Participants in our virtual training earn up to 28.75 hours of CME credit and are prepared to pursue their National Certificate in Tobacco Treatment Practice (formerly Certified Tobacco Treatment Specialist, or CTTS). Our comprehensive curriculum is provided as a dynamic and interactive virtual experience over the course of 2 weeks, with a focus on problem-based learning activities, applied practice problems, and tobacco treatment program implementation.


Visit our website to learn more or register. Ask us about our early bird tuition discounts and partial scholarships!

 

References


[1] Stewart, D. W., Adams, C. E., Cano, M. A., Correa-Fernández, V., Li, Y., Waters, A. J., ... & Vidrine, J. I. (2013). Associations between health literacy and established predictors of smoking cessation. American journal of public health, 103(7), e43-e49.


[2] Stewart, D. W., Cano, M. Á., Correa-Fernández, V., Spears, C. A., Li, Y., Waters, A. J., ... & Vidrine, J. I. (2014). Lower health literacy predicts smoking relapse among racially/ethnically diverse smokers with low socioeconomic status. BMC Public Health, 14(1), 716.

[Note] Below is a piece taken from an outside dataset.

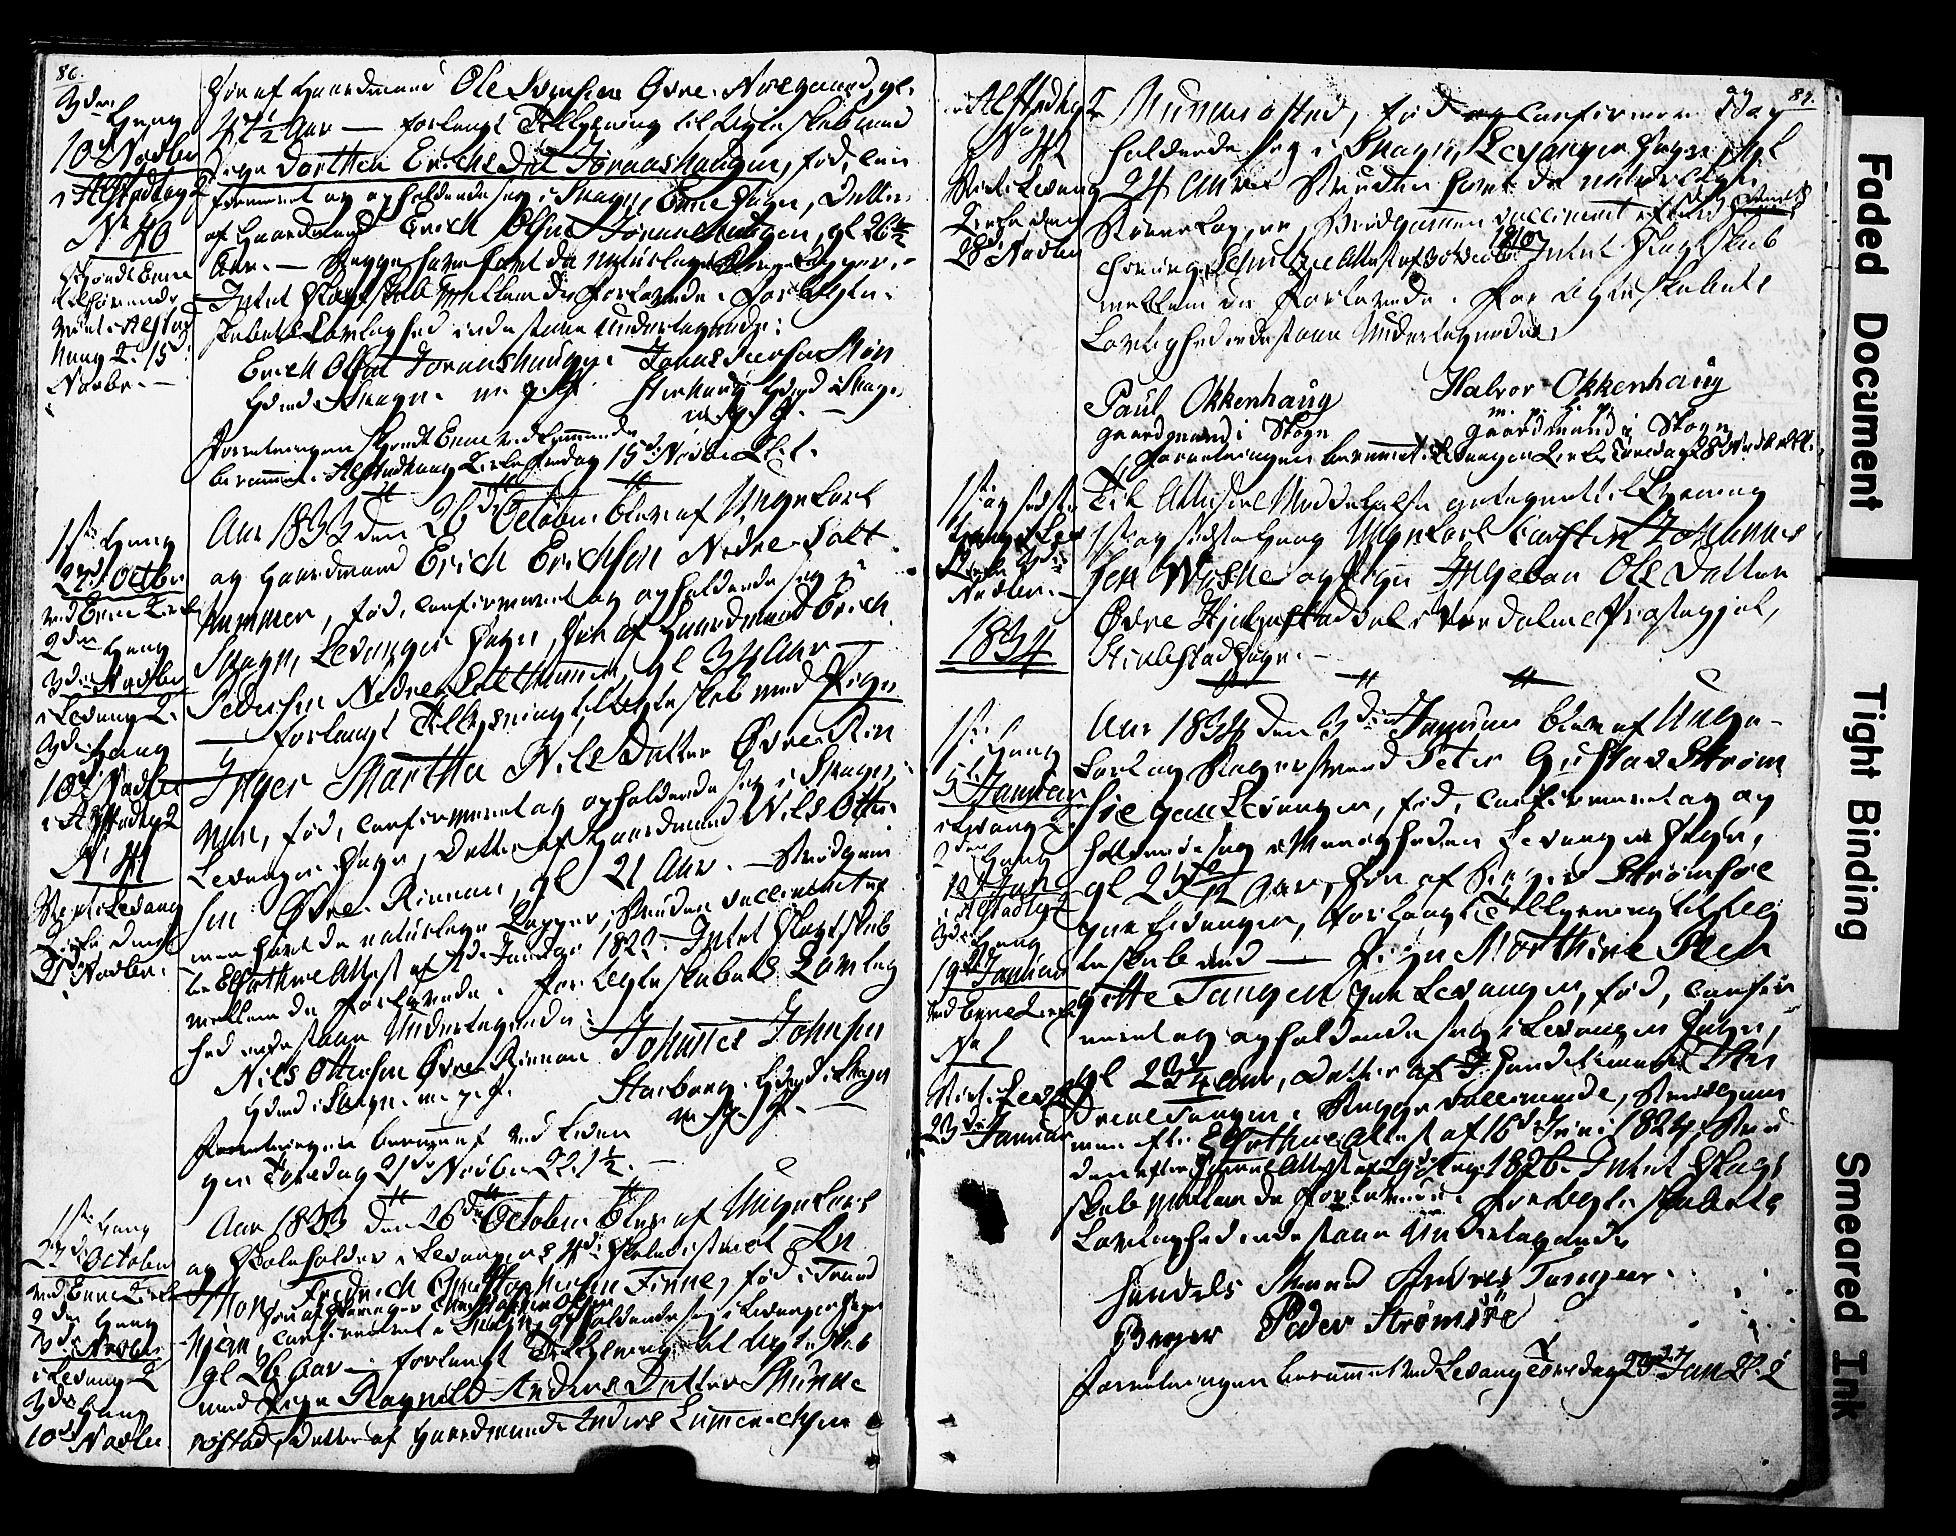 SAT, Ministerialprotokoller, klokkerbøker og fødselsregistre - Nord-Trøndelag, 717/L0160: Forlovererklæringer nr. 717A10, 1828-1850, s. 86-87

[3] Koh, H. K., Berwick, D. M., Clancy, C. M., Baur, C., Brach, C., Harris, L. M., & Zerhusen, E. G. (2012). New federal policy initiatives to boost health literacy can help the nation move beyond the cycle of costly ‘crisis care’. Health Affairs, 31(2), 434-443.


[4] Nahhas, G. J., Cummings, K. M., Talbot, V., Carpenter, M. J., Toll, B. A., & Warren, G. W. (2017). Who opted out of an opt-out smoking-cessation programme for hospitalised patients?. Journal of Smoking Cessation, 12(4), 199-204.